(WHAT TO DO): Restate word for word the lines below that run from the one holding "Meghivo szimulacios automatizalasi" through the one holding "Camiseta Nike Nigéria Feminina", inclusive. Pictures don't belong in the copy.

(RECORDS TO USE):
━━━━━━━━━━

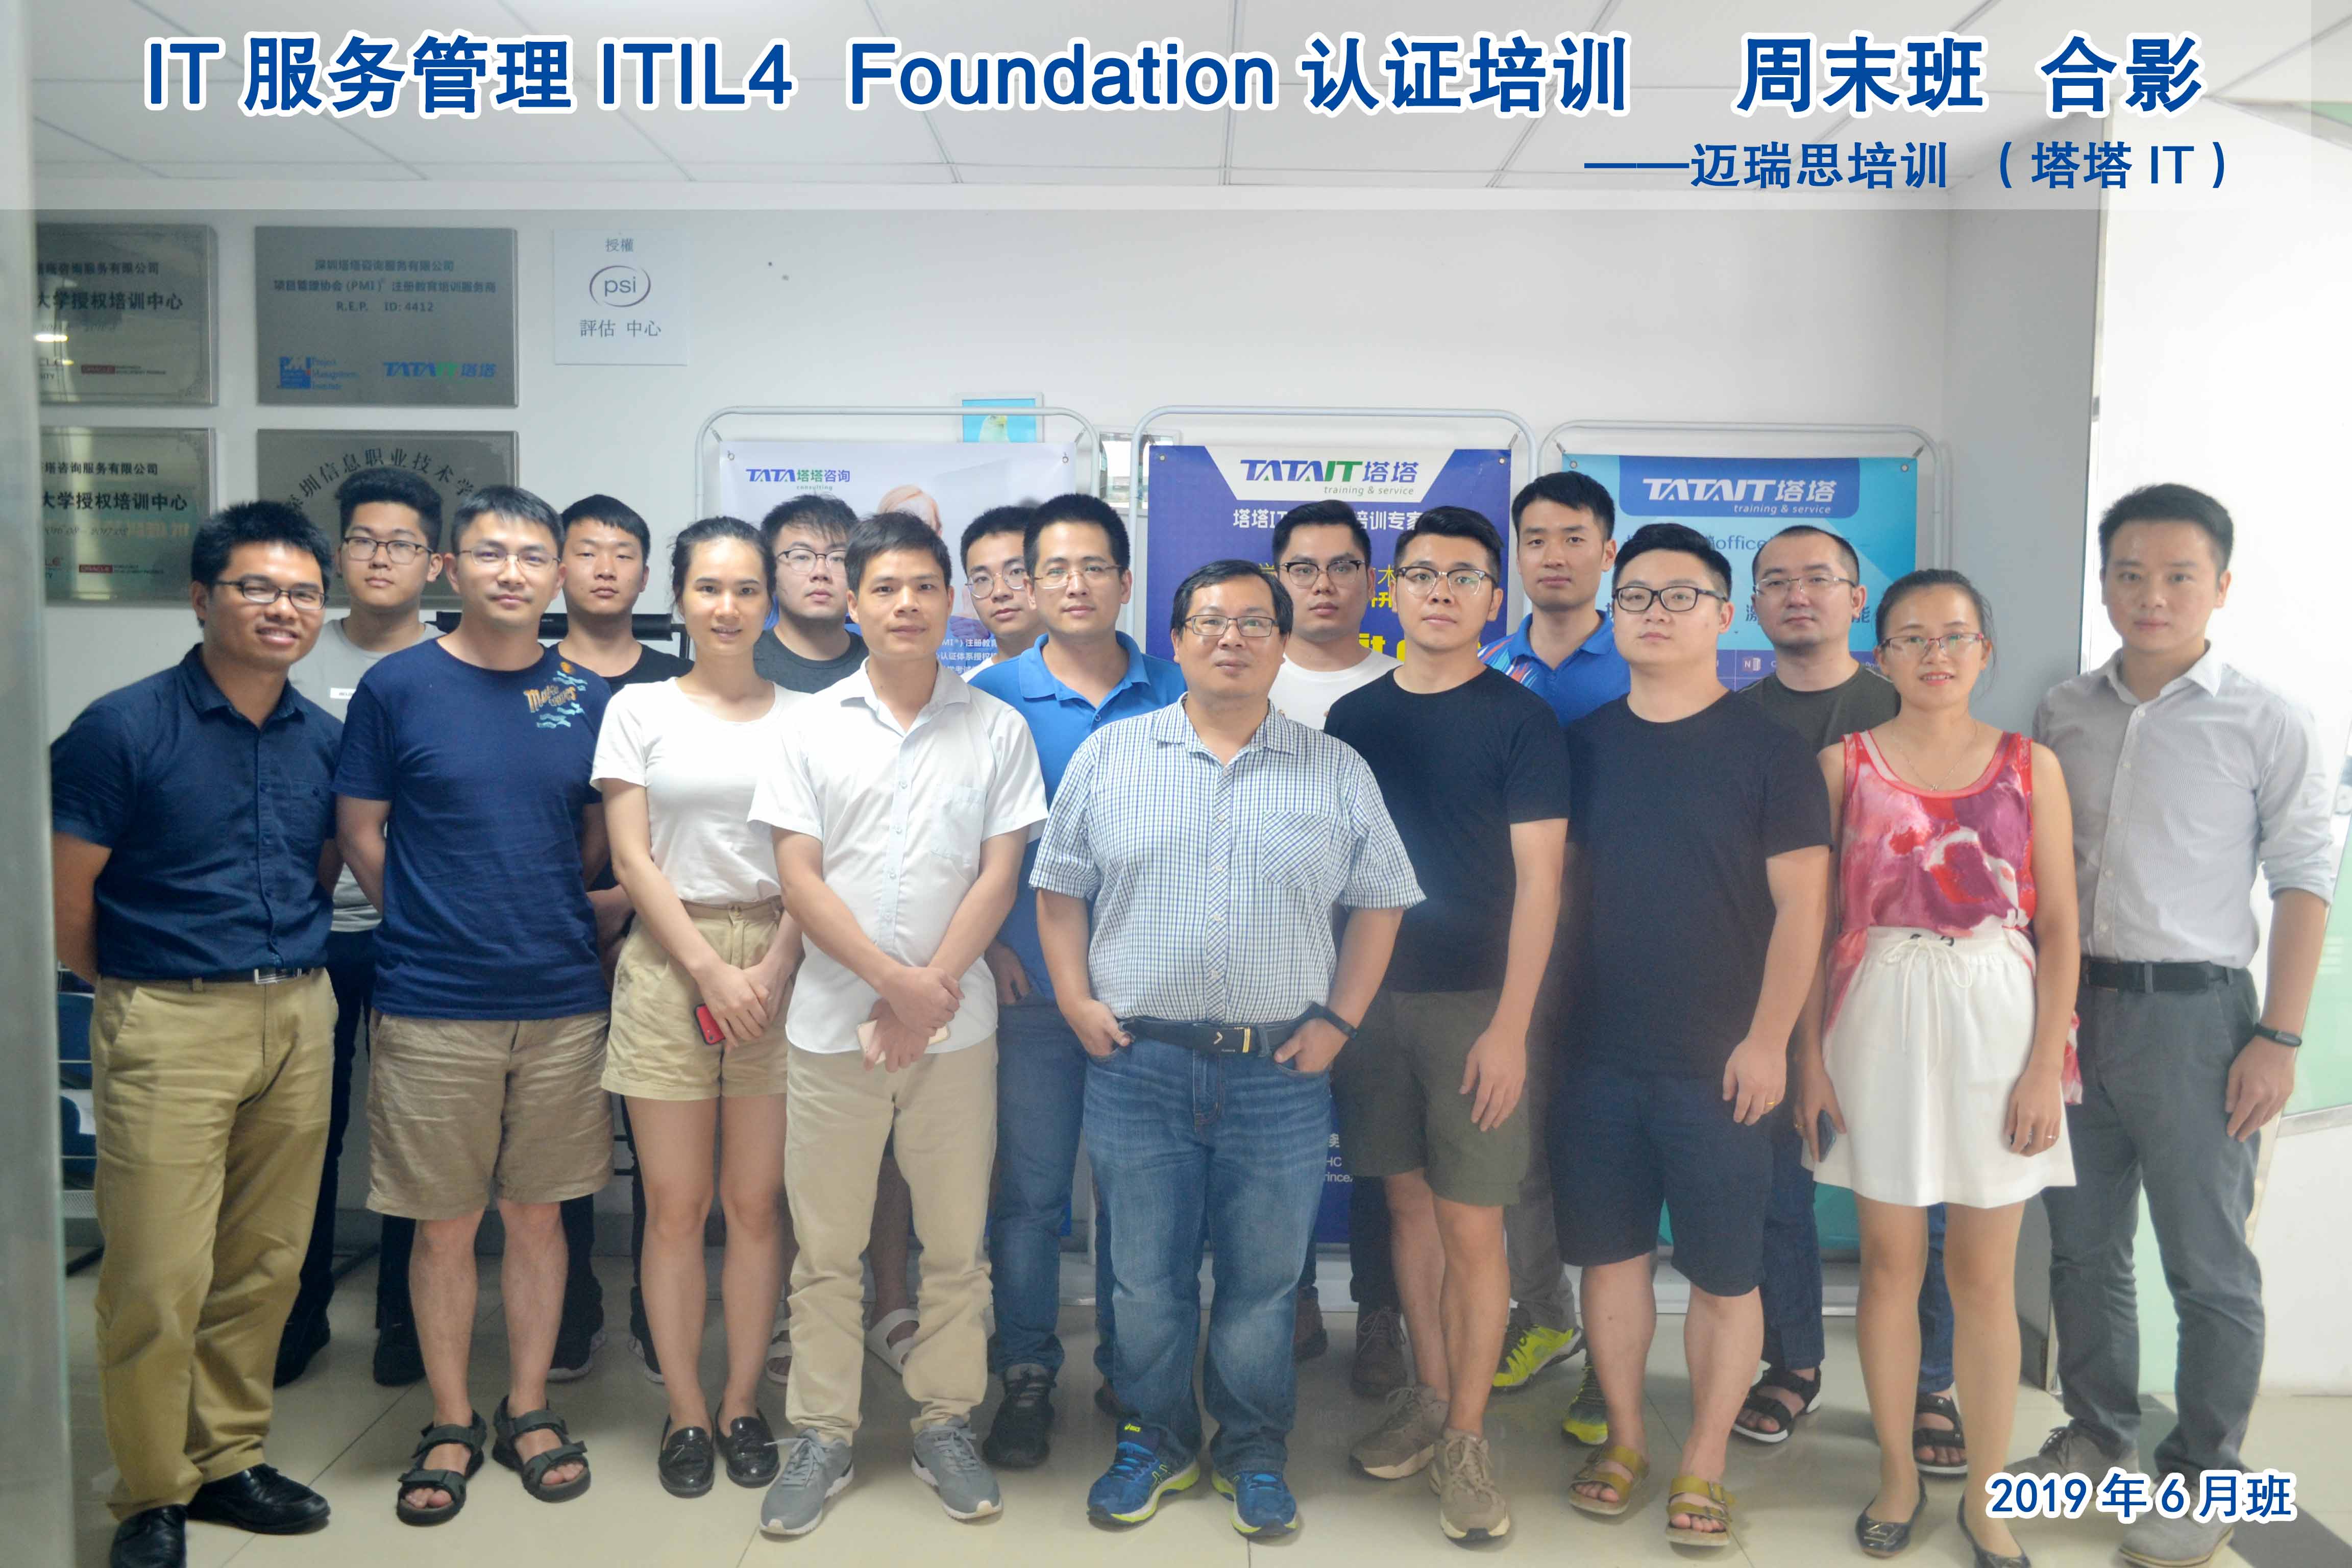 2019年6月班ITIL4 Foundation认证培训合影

━━━━━━━━━━

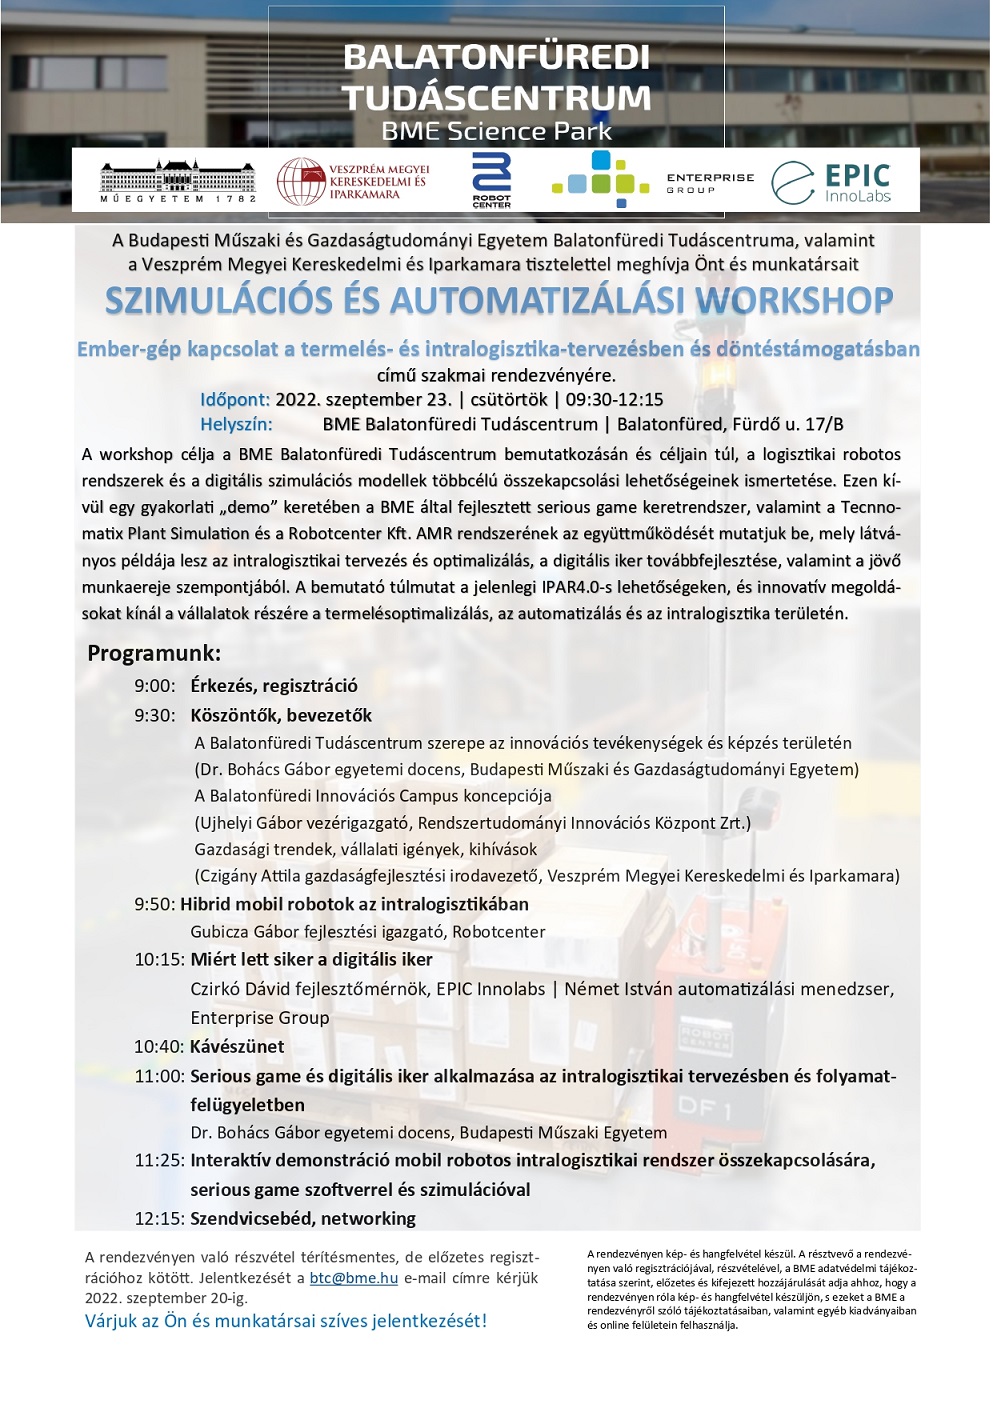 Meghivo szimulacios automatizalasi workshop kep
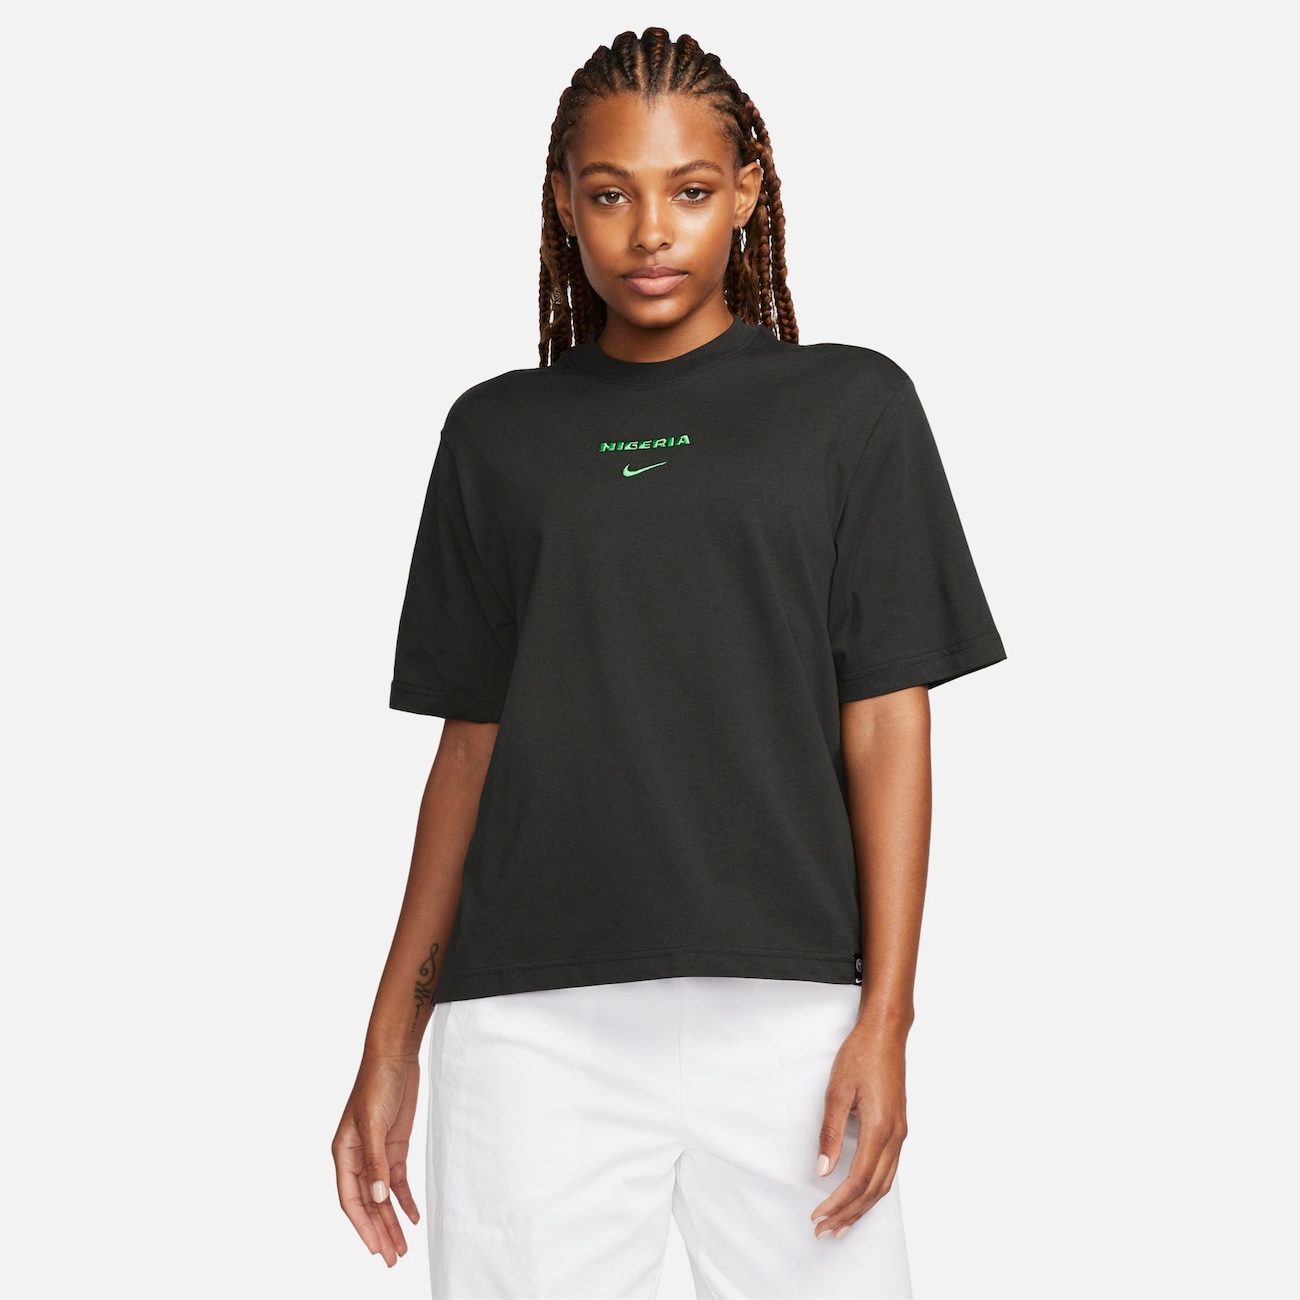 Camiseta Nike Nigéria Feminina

━━━━━━━━━━

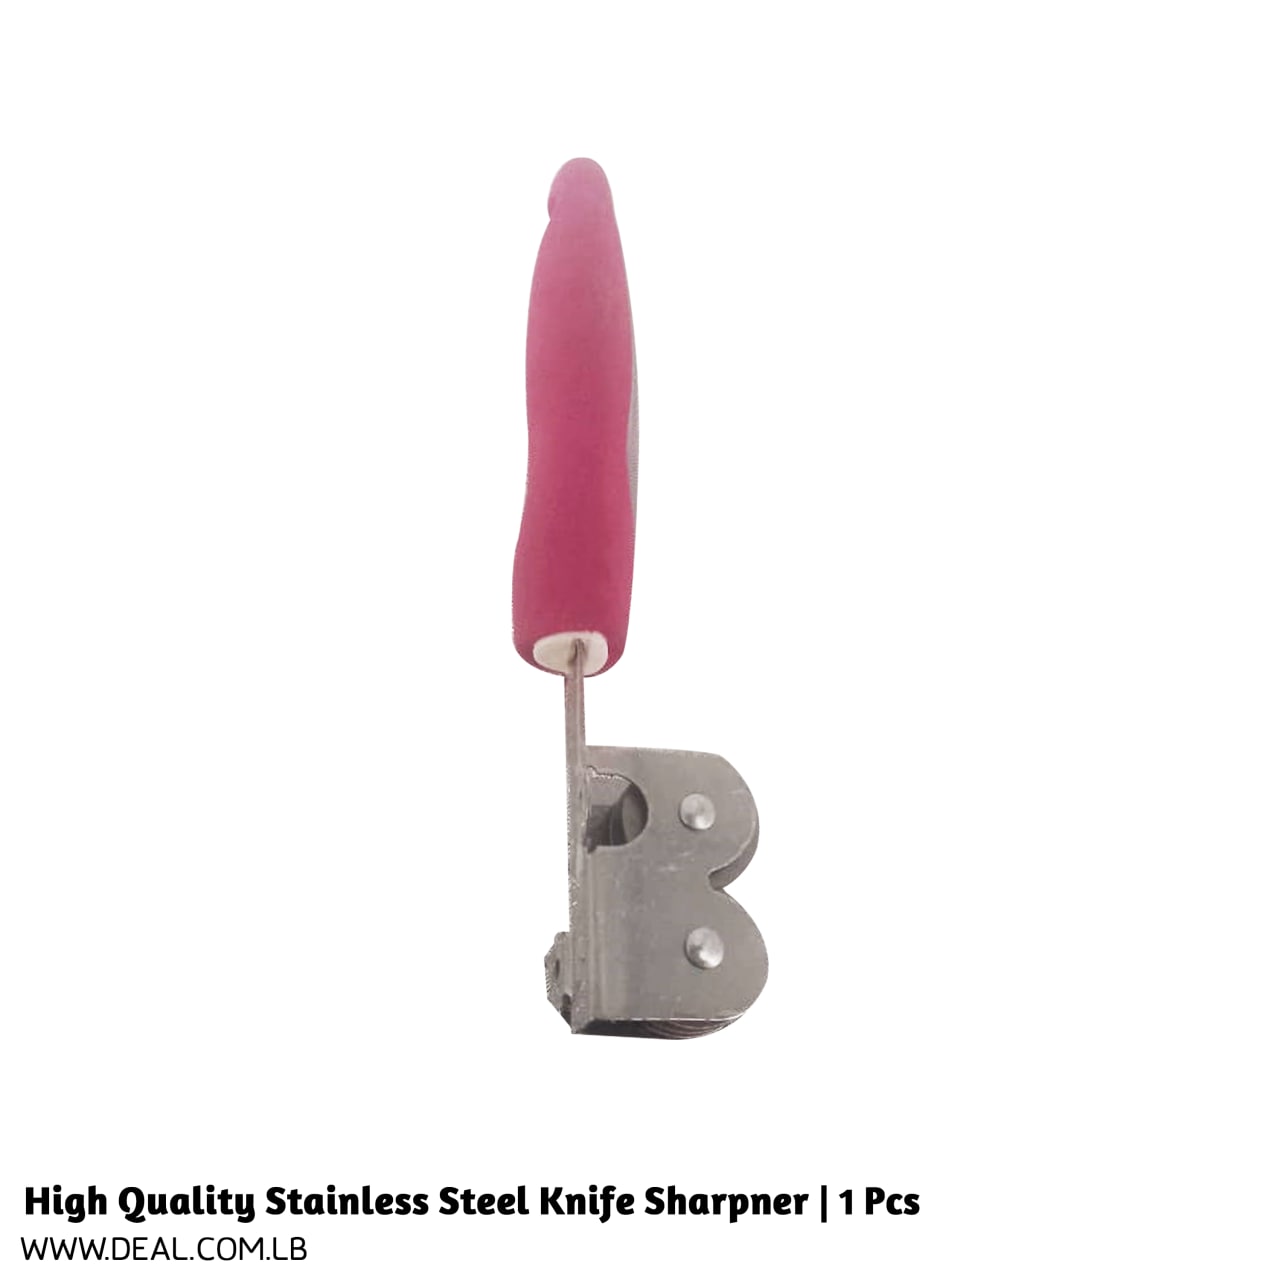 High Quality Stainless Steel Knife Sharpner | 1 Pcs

━━━━━━━━━━

(EXERCISE RESULT):
 Meghivo szimulacios automatizalasi workshop kep
 Camiseta Nike Nigéria Feminina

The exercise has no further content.